The role of the Mad1 RLK motif

The RLK motif of Mad1 is essential for Mad1 SAC‐dependent kinetochore targeting and the site of direct contact with Bub1 (Brady & Hardwick, 2000; Kim et al, 2012; Heinrich et al, 2014). Except in a few species, such as C. elegans and X. laevis, the RLK motif is highly conserved (Appendix Fig S2B). However, until now the exact role the RLK motif plays in Bub1 binding has been unclear. Guided by our crystal structure, we investigated the role of individual residues of the RLK motif.

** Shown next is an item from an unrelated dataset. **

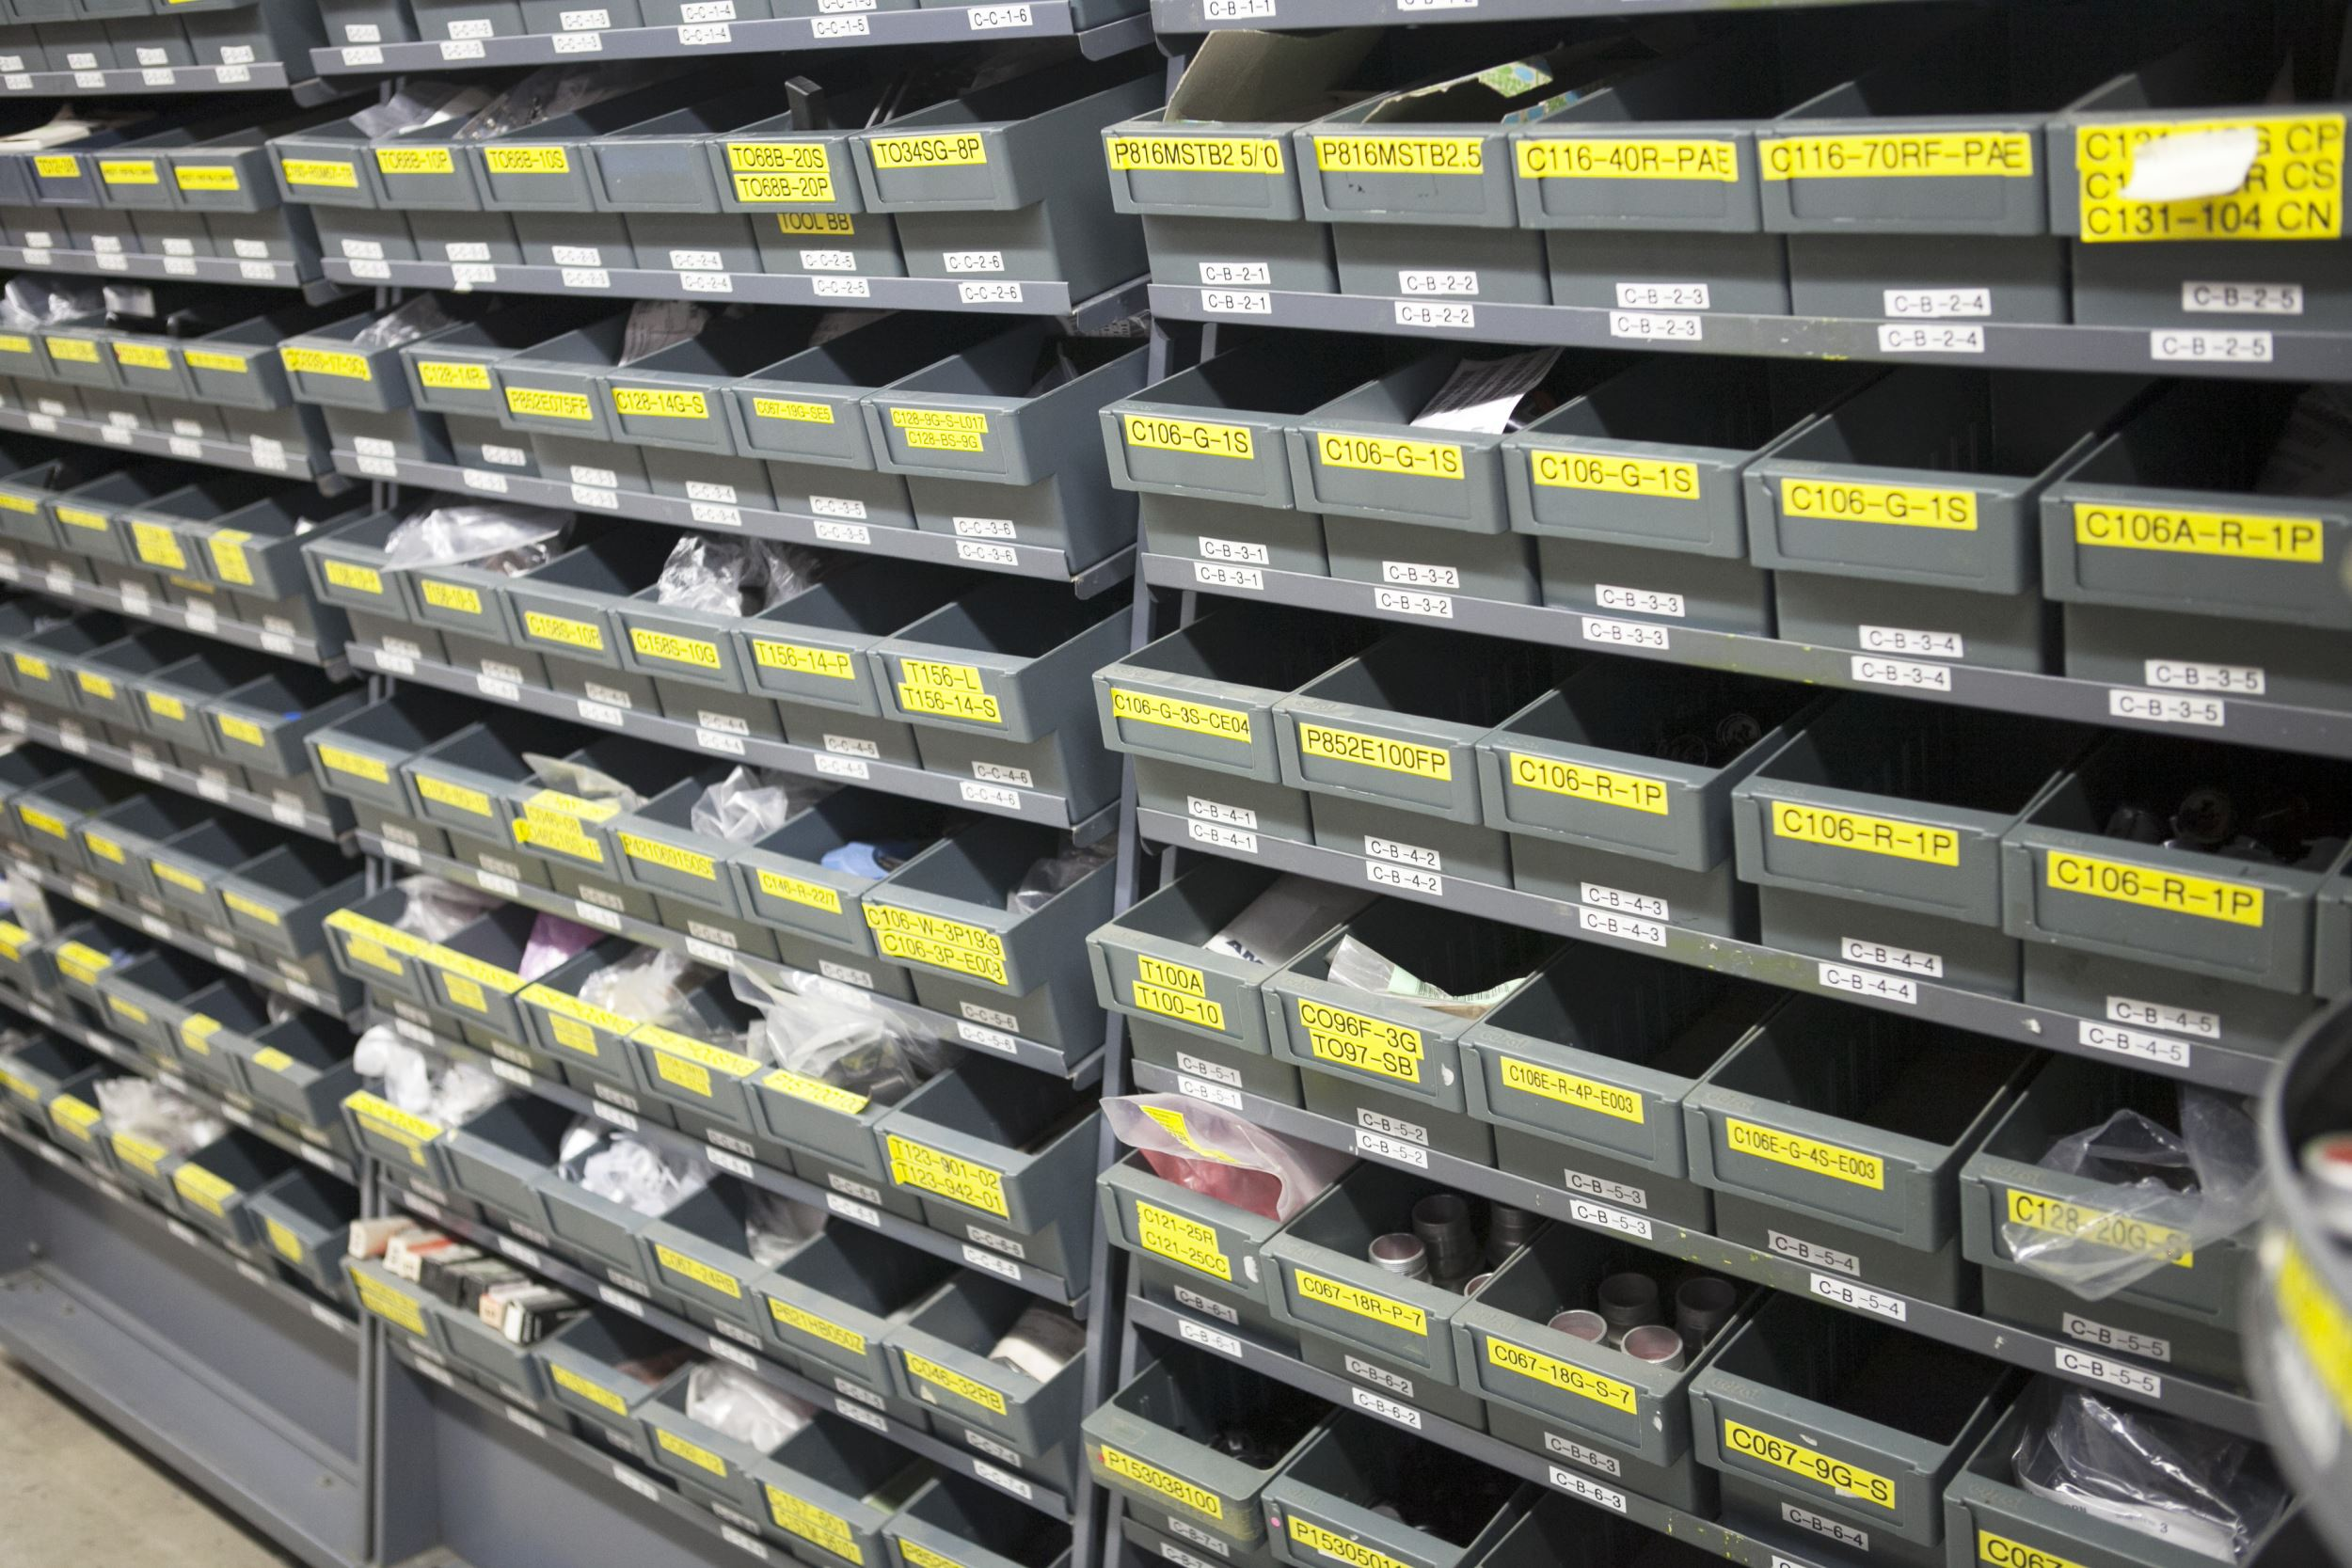 United Equipment Accessories completes audit

As previously discussed, the interface between Mad1 and Bub1 is mediated by a direct interaction between Mad1 Arg617 of the RLK motif and Bub1 pThr461 (Fig 3C). An alanine mutation of the Arg617 residue nearly abolishes Bub1CD1 binding by decreasing the affinity 1,000‐fold to the mM range, which confirms the crucial role of this interaction (Fig 4B and C, Appendix Fig S5A).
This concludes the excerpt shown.